Rooftop solar defeats ALEC in two net metering attacks
Wednesday, Mar 19, 2014

SAN FRANCISCO, March 18, 2014 /PRNewswire-USNewswire/ -- The Alliance for Solar Choice (TASC) today announced two new wins for rooftop solar in 2014 as the public continues to defeat attacks from anti-solar utilities, their national trade association Electric Institute (EEI), and the American Legislative Exchange Council (ALEC).  In Utah and the state of Washington, solar advocates preserved net metering with zero changes to this core rooftop solar policy.

Utility net metering attacks have now failed in six states over the past year. ALEC joined this anti-solar battle by introducing a template for model anti-net metering policies in a variety of states, and Washington and Utah are the first decisions stemming from this template – both ending in ALEC defeat.

"In state after state, overwhelming public support for rooftop solar continues to trump multi-million dollar attacks from utilities, EEI, and ALEC," said Bryan Miller, President of TASC and VP of Public Policy for Sunrun.

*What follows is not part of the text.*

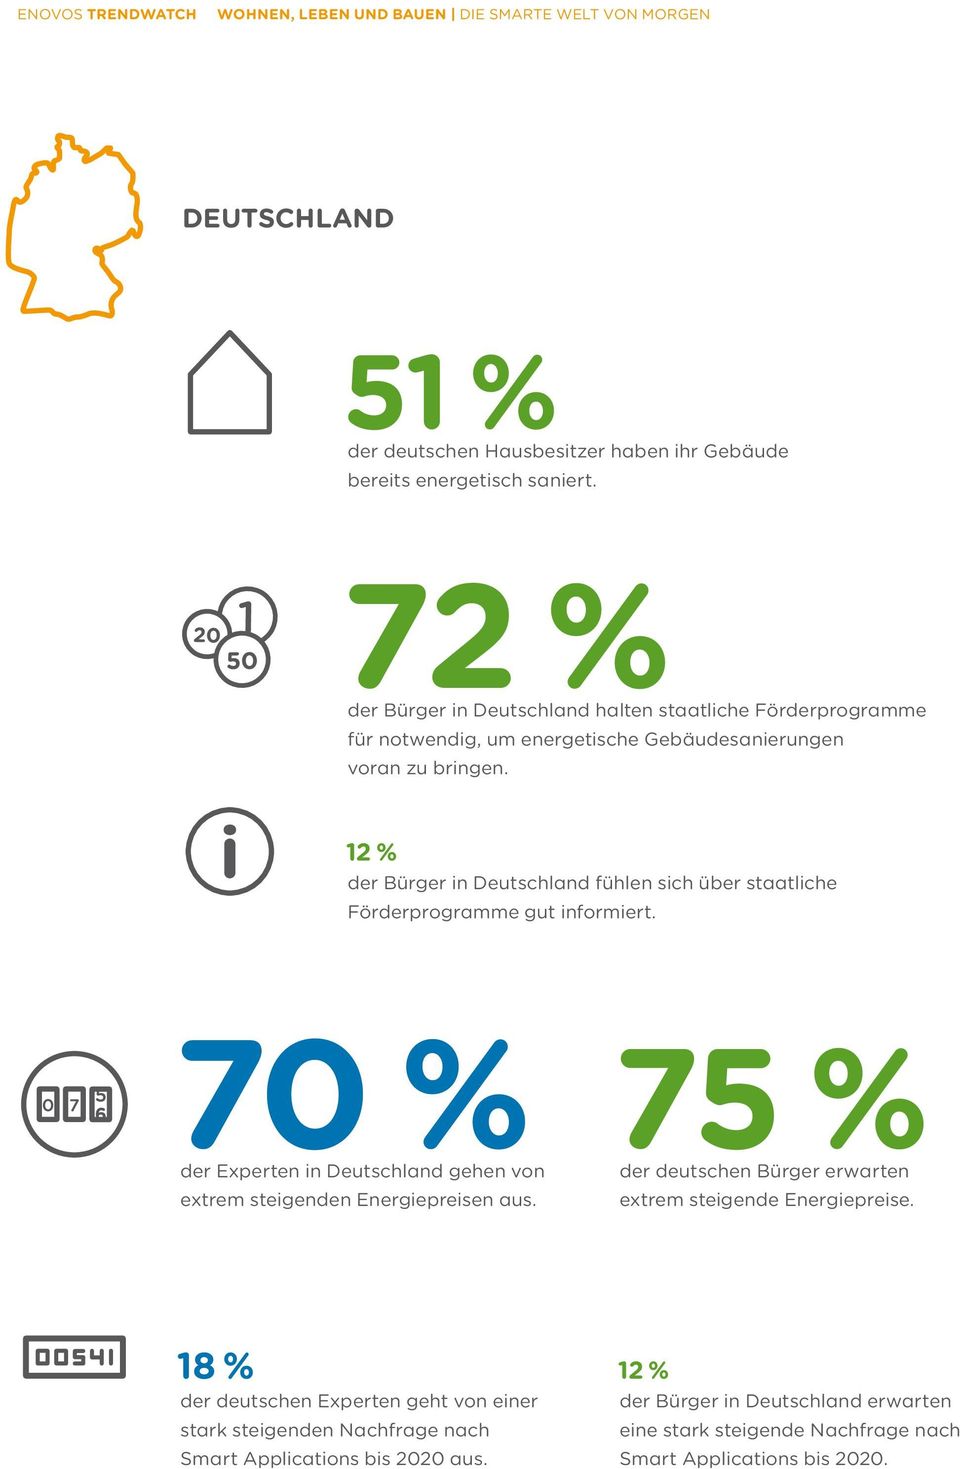 12 % der Bürger in Deutschland fühlen sich über staatliche Förderprogramme gut informiert.

Net metering allows rooftop solar customers to have the choice to use clean solar energy that they generate themselves, and to then receive full retail credit for any excess electricity sent back to the grid. Utilities turn around and sell this energy at the full retail rate to the neighbors, even though they paid nothing to generate, transmit or distribute that cleaner power. Utilities attacking net metering want to eliminate the policy to stifle energy choice and protect their monopolies.

Additional details on these ALEC-inspired attacks are as follows:

Washington: TASC and fellow clean energy advocates upheld net metering. The same anti-net metering legislation (SB 6541, HB 2176 and HB 1301) also would have given utilities monopoly control over the existing rooftop solar market. The anti-competition proposal stated "if an electric utility offers a leased energy program, no other entity may offer leases to the utility's customers."  This attempt to ban competition – the first of its kind – contradicts the very free market principles that groups like ALEC espouse.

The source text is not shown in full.